John O'Hara

John O'Hara

January 31, 1905 – April 11, 1970
Countries: USA
Place of Birth: Pottsville, Pennsylvania, United States
Place of Death: Princeton, New Jersey

John Henry O'Hara (January 31, 1905 – April 11, 1970) was an American writer who earned his early literary reputation for short stories and became a best-selling novelist before the age of 30 with Appointment in Samarra and BUtterfield 8. His work stands out among that of contemporaries for its unvarnished realism. While O'Hara's legacy as a writer is debated, his champions rank him highly among the underappreciated and unjustly neglected major American writers of the 20th century. Few college students educated after O'Hara's death in 1970 have discovered him, chiefly because he refused to allow his work to be reprinted in anthologies used to teach literature at college level.
"O’Hara may not have been the best story writer of the twentieth century, but he is the most addictive," wrote Lorin Stein, editor-in-chief of the Paris Review, in a 2013 appreciation of O'Hara's work. Stein added, "You can binge on his collections the way some people binge on Mad Men, and for some of the same reasons.
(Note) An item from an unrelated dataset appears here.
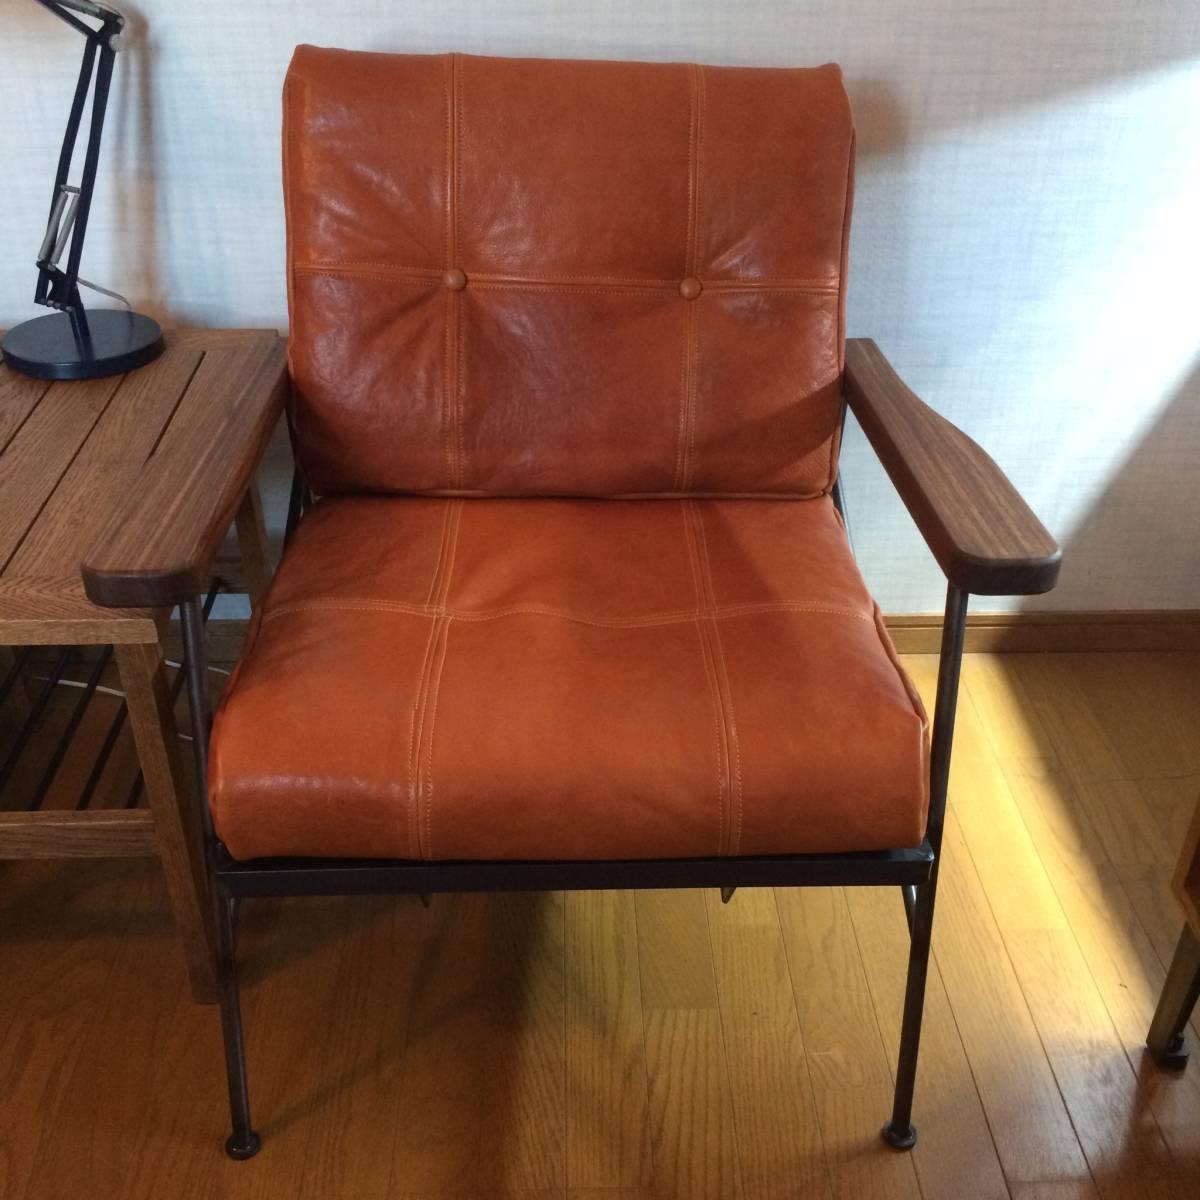 革ソファ truck furniture トラックファニチャー unico アクタス等のインダストリアル家具好きにおすすめ

On the topics of class, sex, and alcohol—that is, the topics that mattered to him—his novels amount to a secret history of American life." Five of O'Hara's stories were adapted into popular films in the 1950s and 1960s, yet, during his lifetime, O'Hara's literary reputation was damaged by the detractors he accumulated due to his outsized and easily bruised ego, alcoholic crankiness, long held resentments and by politically conservative columns he wrote in the 1960s, all of which at times overshadowed his gift for story telling. John Updike, a fan of O'Hara's writing and a fellow Pennsylvanian, said that the prolific author "outproduced our capacity for appreciation; maybe now we can settle down and marvel at him all over again."